D. Brett Martinson
A thesis submitted in partial fulfilment of the requirements of Doctor of Philosophy in Engineering (2008)
Domestic roofwater harvesting (DRWH) provides an innovative solution to meeting water needs. There is renewed interest in the technology; however problems of implementation, concerns about water quality and health, and a reputation for high cost inhibit its wider take-up. This thesis is an investigation of two of the constraints, namely cost and water quality.
The performance of systems is discussed along with the losses at various points along the system. A number of tank-building techniques are investigated and economies of scale and cost ranges are developed. Lessons learned from a range of designs are then used to develop a set of
strategies whereby costs can be saved in DRWH tank construction. Two of these strategies are investigated theoretically:
- The trade-offs of investment and servicing costs inherent in reduced quality construction are analysed using net present value analysis
- Underground construction of cylindrical tanks is analytically modelled using a modified elastic structural theory which is verified with finite element analysis. More complex shapes are modelled using finite-element analysis alone
Several of the strategies developed are used to design tanks which are field tested. The strategies used are found to significantly reduce initial cost, however several designs require a discount rate to be introduced before they are viable long-term.

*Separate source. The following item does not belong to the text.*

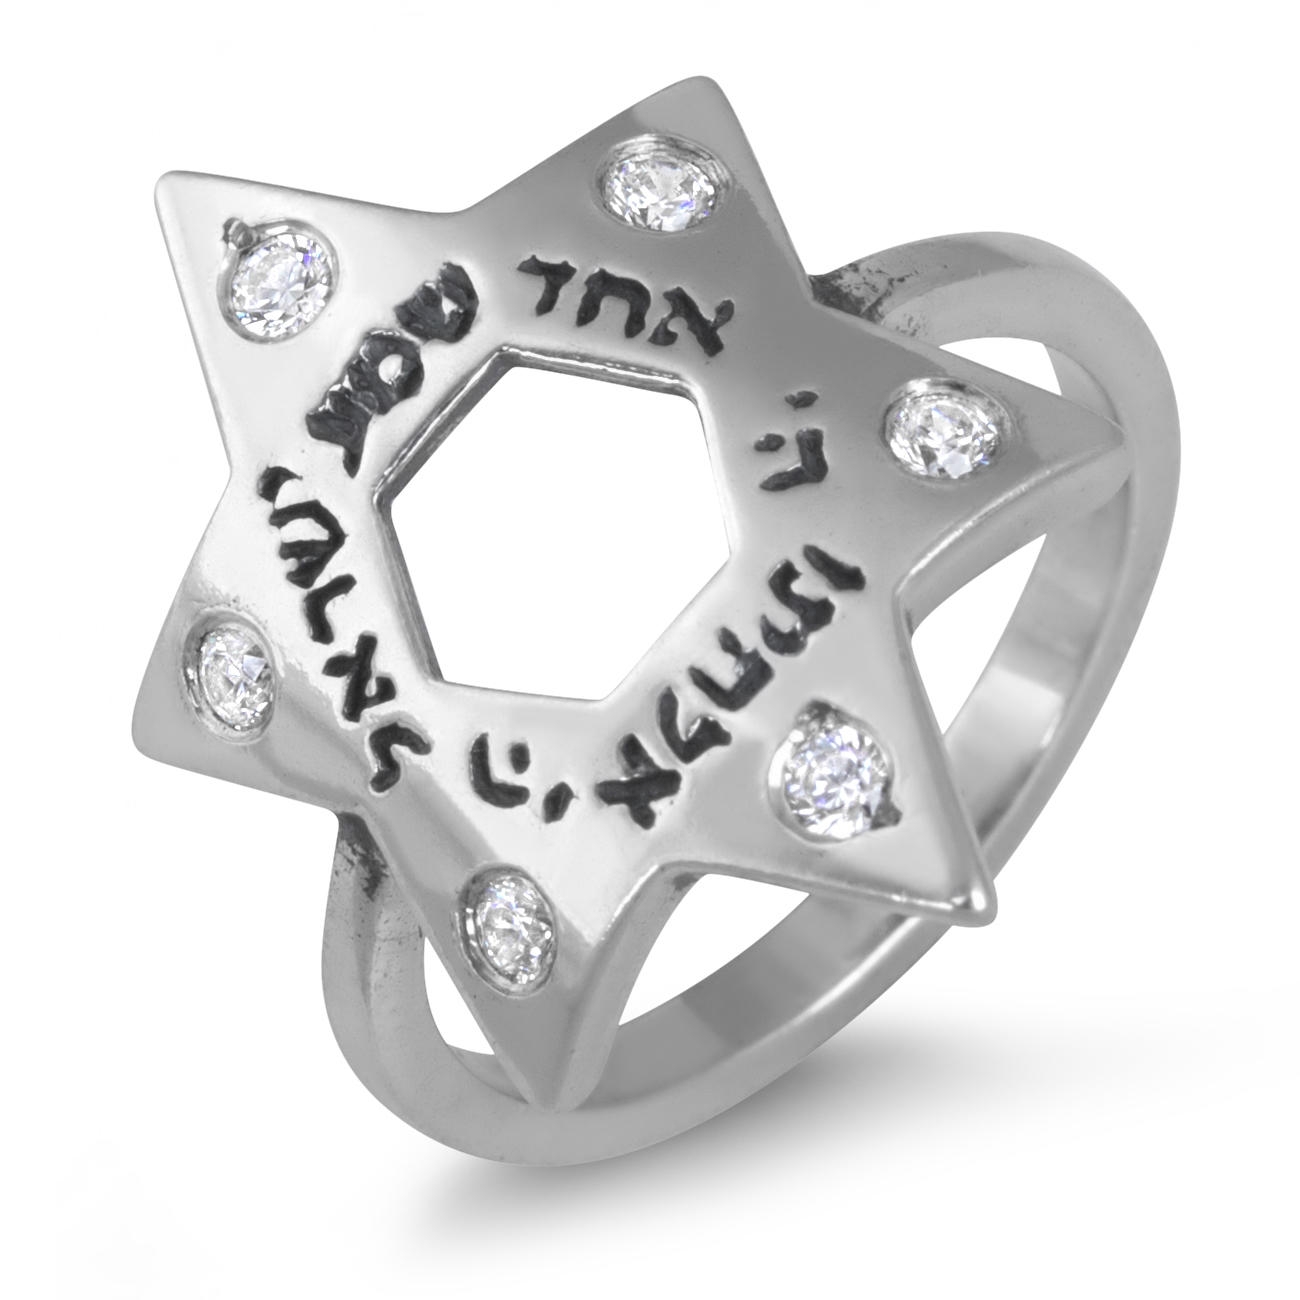 Sterling Silver Elongated Star of David Shema Ring with Cubic Zirconias - 1
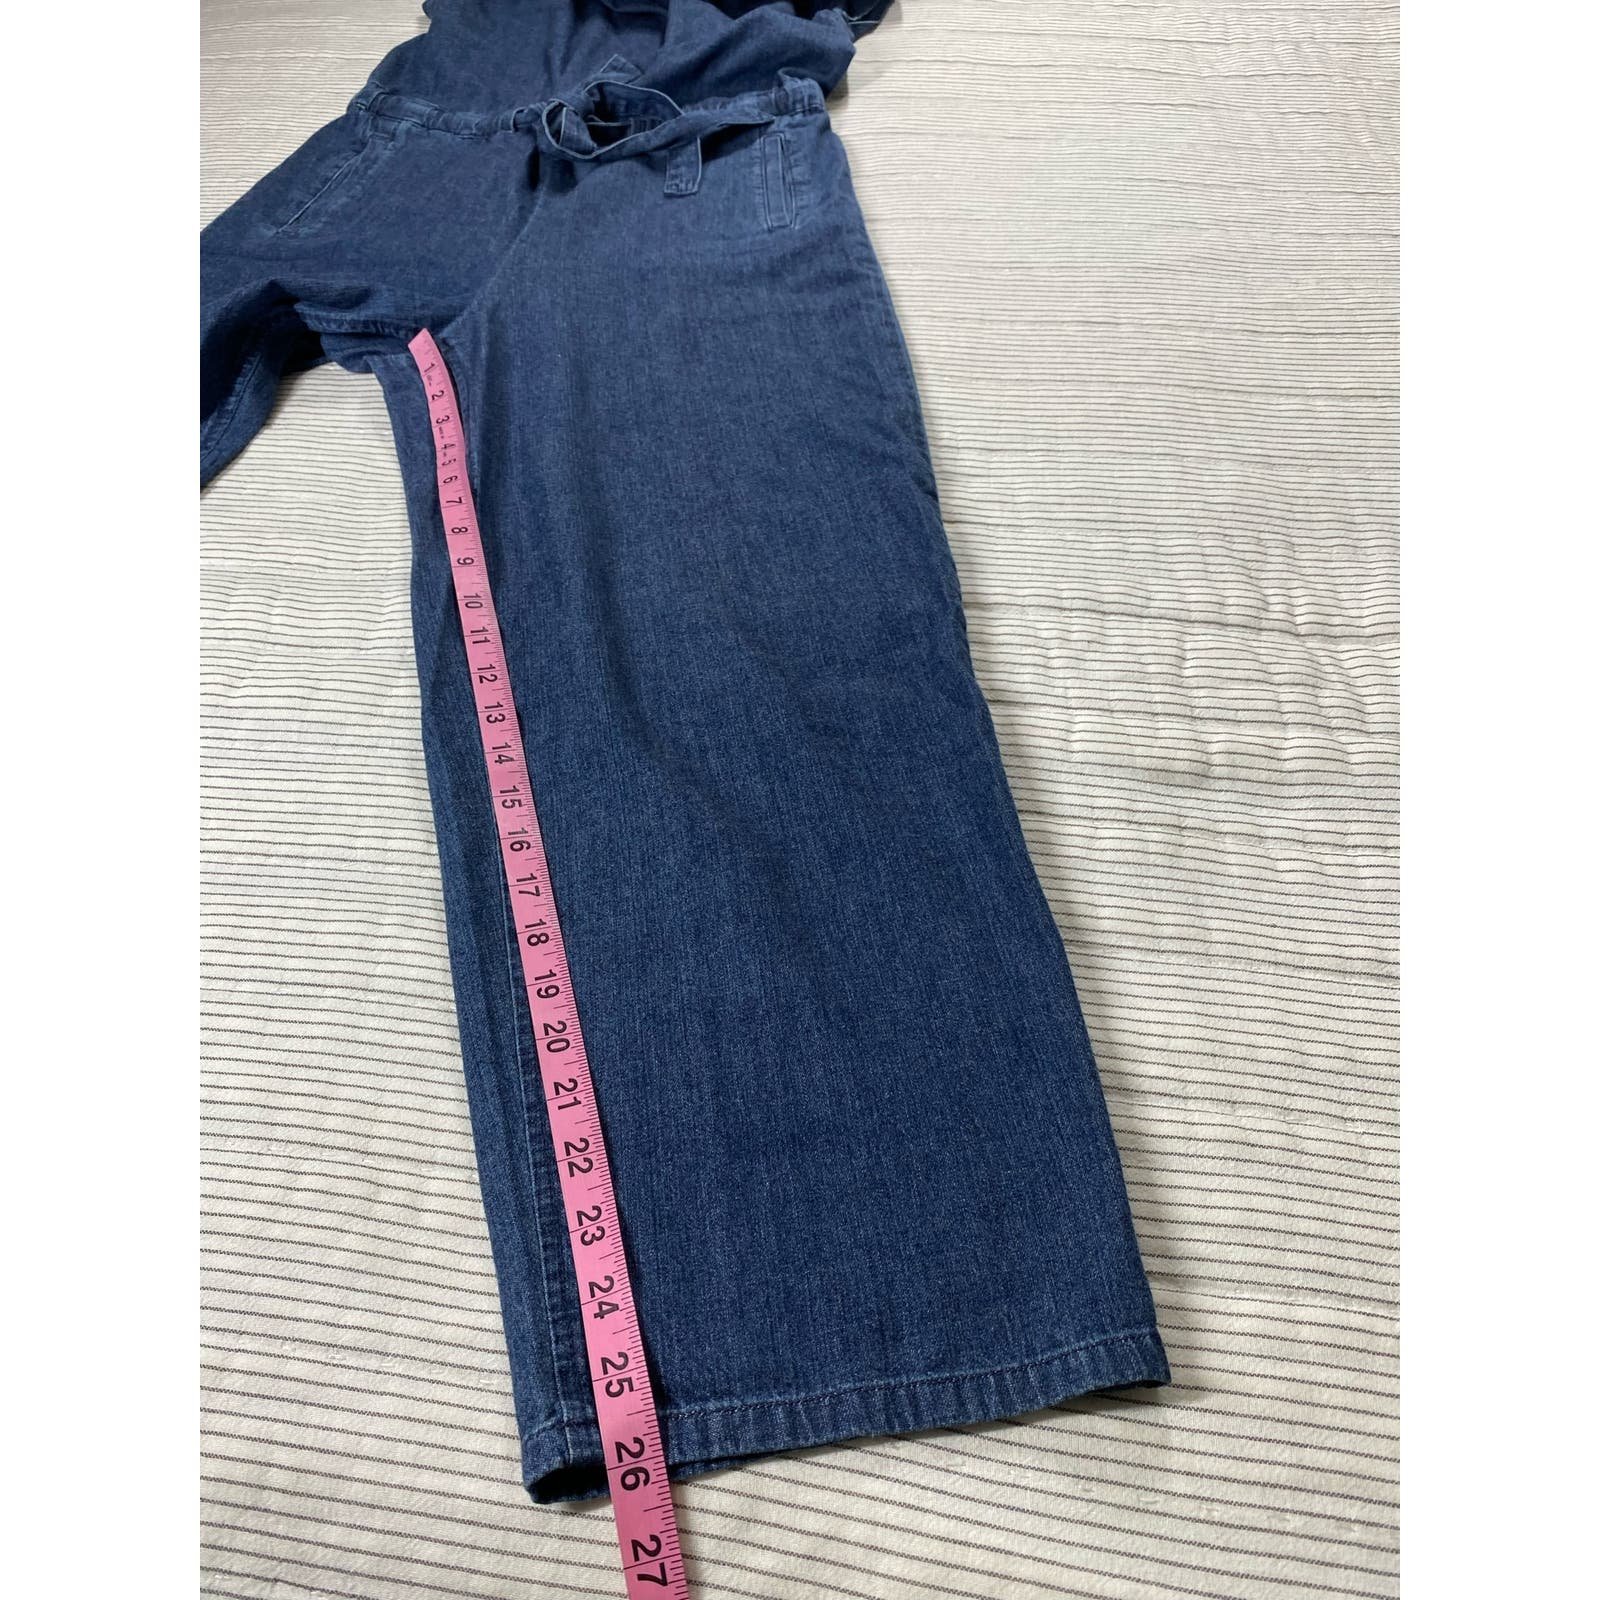 Fashion J. Crew Boatneck Jumpsuit In Chambray Denim Size 4 o1xU187e8 just buy it

The second section deals with the quality of harvested roofwater, initially looking at the overall system, health risk pathways are traced and an overall picture of changes that take place over the course of these pathways is built-up. Treatment of incoming water from the roof is then
investigated, particularly concentrating on quantifying the first-flush phenomenon which is exploited in devices that divert the first “dirty” part of a rainstorm away from a store before allowing the “clean” part into the store. The effect is found to be slower than expected and most devices are too small and reset too quickly to e very effective. A rational method for sizing first-flush device based on desired material removal is developed using a mass-balance approach.